Und die __ Wildkarpfen , welche auch schon sehr sellten geworden sind , werden nicht so gross , mal max 7 Kg. Habe an unserem Weiher schon des öfteren Graskarpfen von 1 meter und mehr gefangen , welche dann so um die 40 - 45 Pfund wiegen .


----------



## Teichforum.info (29. Okt. 2003)

Hallo 
Ich würde sagen es ist ein normaler __ Schuppenkarpfen, :razz: 
das Bild war vor kurzem in der Anglerzeitschrift EOX oder so.
Ein Kollege bezieht die Regelmäßig.
paul


----------



## Teichforum.info (29. Okt. 2003)

*...*

Hallo Paul/Patrick,

werde heute mittag mal meine Bilder auskramen ... mal sehen, ob ich den __ Wildkarpfen erwicht habe auf dem Foto, der sah genauso aus.

@Helmut
Guck mal, sehen deine großen Karpfen ned auch so aus ?


----------



## Teichforum.info (29. Okt. 2003)

hallo zusammen,

aufjedenfall klein ist er nicht   

tommi und patrick - am wochenende könnt ihr ein paar kleinere __ wildkarpfen sehen und vergleichen - aber bringt das foto mit    


gruß jürgen


----------



## Teichforum.info (29. Okt. 2003)

*....*

Hallo Jürgen,

dat werden wir sicher machen ....

vorab schonmal ein Pic eines Anglers mit einem __ Wildkarpfen







Markant und wichtig die Flossenrötung ...


----------



## Teichforum.info (29. Okt. 2003)

@Paul

Der __ Schuppenkarpfen iss mir zu hochrückig für das Bild ... heir zum Vergleich einer:


----------



## Teichforum.info (29. Okt. 2003)




----------



## Teichforum.info (29. Okt. 2003)

hierbei handelt es sich um einen __ schuppenkarpfen.deise werden in der tat sehr groß und kommen auch bei uns vor.habe schon ein paar gefangen.
sie haben 4 barteln.2 an der oberlippe und 2 an der unterlippe, wobei die an der unterlippe kleiner sind.
schuppenkarpfen sind sehr hochrückig, wenn sie eher klein sind.wenn sie ausgewachsen sind, fällt es gar nicht so auf, weil ihr körper sich in die länge zieht...


----------



## Teichforum.info (30. Okt. 2003)

Hi Luke

und genau diese unteren Barteln vermisse ich auf diesem Foto . Den Stiernacken bekommen sie auch eher in kleineren Weiher , dort , wo sie gegen eine Strömung ankämpfen , iss dies gar ned so ausgeprägt . Und wie du schon sagtest , fällt dies bei grösseren Tieren nicht mehr auf . 
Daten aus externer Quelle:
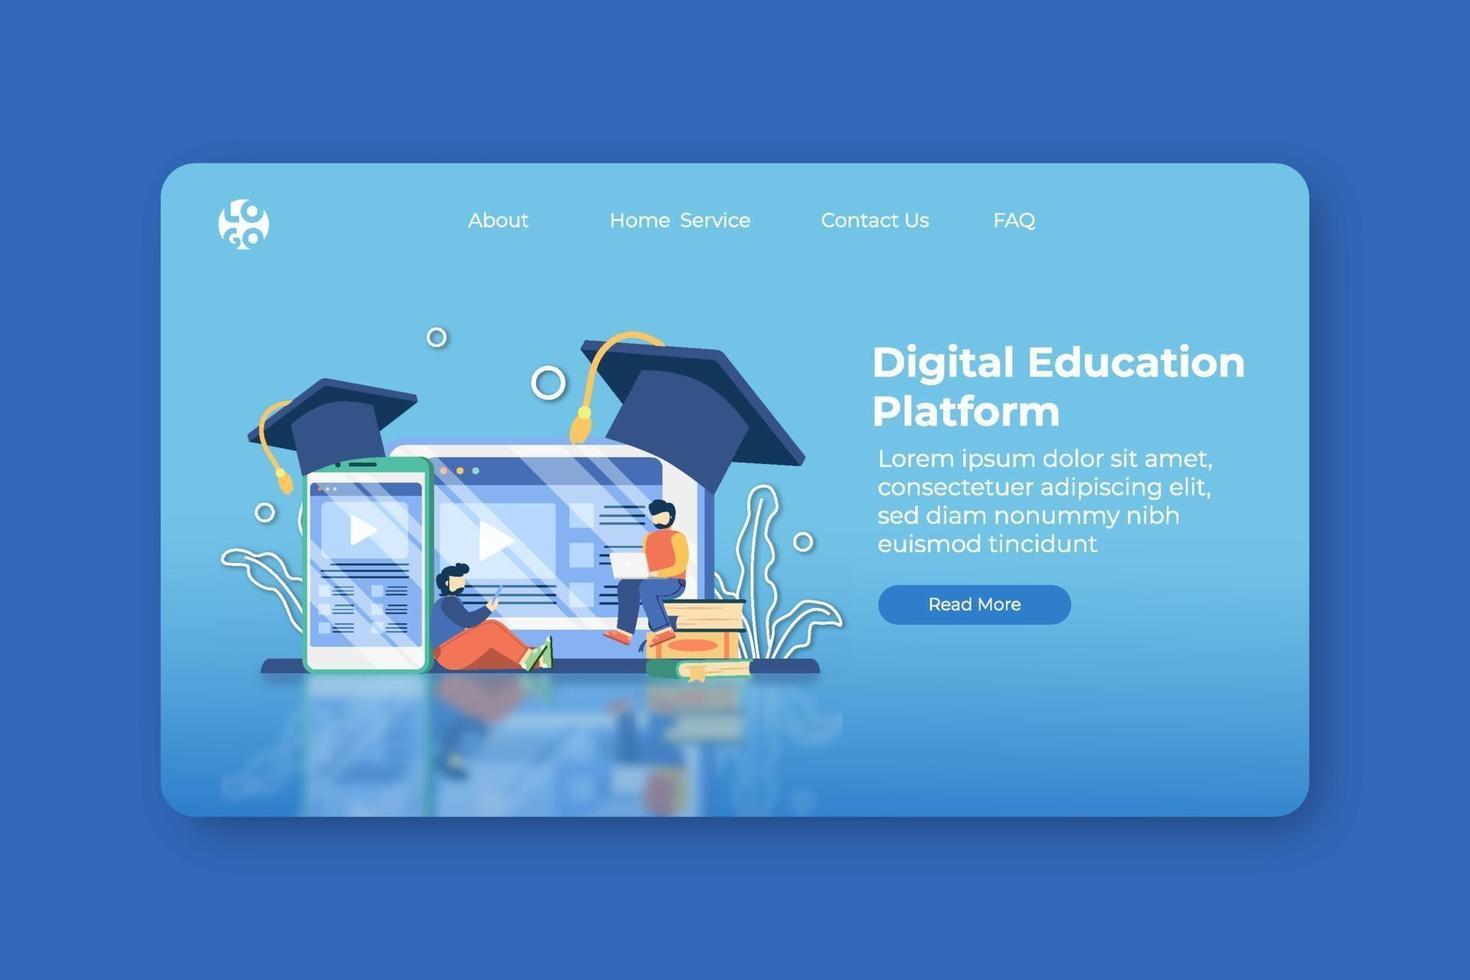 Modern Flat Design Vector Illustration Digital Education Platform Landing Page and Web Banner Template. Digital Education, E-Learning, Online Education, Tutorial Video, Online Teaching, Online class.

__ Graskarpfen haben keine unteren Bartel und sind in drüben Gewässer nicht so silber wie auf den Bilder von Ole ( In unserem Weiher sind sie eher grün-braun ).

__ Wildkarpfen werden meines Wissens nach nicht so gross , ausser sie wurden mit einer anderen Rasse gekreuzt , sind dann aber keine Wildkarpfen mehr . Das Rot in der Schwanzflosse findet man ach öfter bei Schuppen und Spiegelkarpfen .

Mal diesem Fisch noch die unteren Barteln ins Bild und wir einigen uns auf den __ Schuppenkarpfen


----------



## Teichforum.info (30. Okt. 2003)

Hallo Patrick!


Genau...... und der Pinsel der ihn hochhält ist ein kleinwüchsiger Japaner.  

Ein wichtiges Unterscheidungskriterium ist auch die Rückenflosse. Sie fällt beim Graser sehr klein aus.
Dieser hat eher die eines Karpfens.

Beim Maul fehlen wohl tatsächlich ein paar Barteln.
Aber das sieht so aus, als wenn der auch nicht angeln kann und die Hälfte des Mauls weggerissen wurde :cry: 

Wusste gar nicht, dass Du auch Angler bist.


----------



## Teichforum.info (30. Okt. 2003)




----------



## Teichforum.info (30. Okt. 2003)

Hi Ole

na , das mit dem Einloggen iss gar ned so schwer , übs halt noch etwas     
Wird wohl niemanden Intressieren aber :
Ich bin seit meinem 1. lebensjahr in einem Agelsportverein , in welchem mein Vater Gründungsmitglied iss . Wir besitzen seit 1968 sellbst nen Weiher so ca. 72 mal 25 meter gross . 1986 habe ich meine Sportfischerprüfung gemacht und 1988 meine Ausbildung zum Fliegenfischen . 1996 habe ich , rein aus Intresse an Neuerungen , nochmal eine Sportfischerprüfung absolviert . Das Hobby Angeln habe ich aus Zeitmangel seit drei Jahren vernachlässigt , mein Intresse dran aber nicht .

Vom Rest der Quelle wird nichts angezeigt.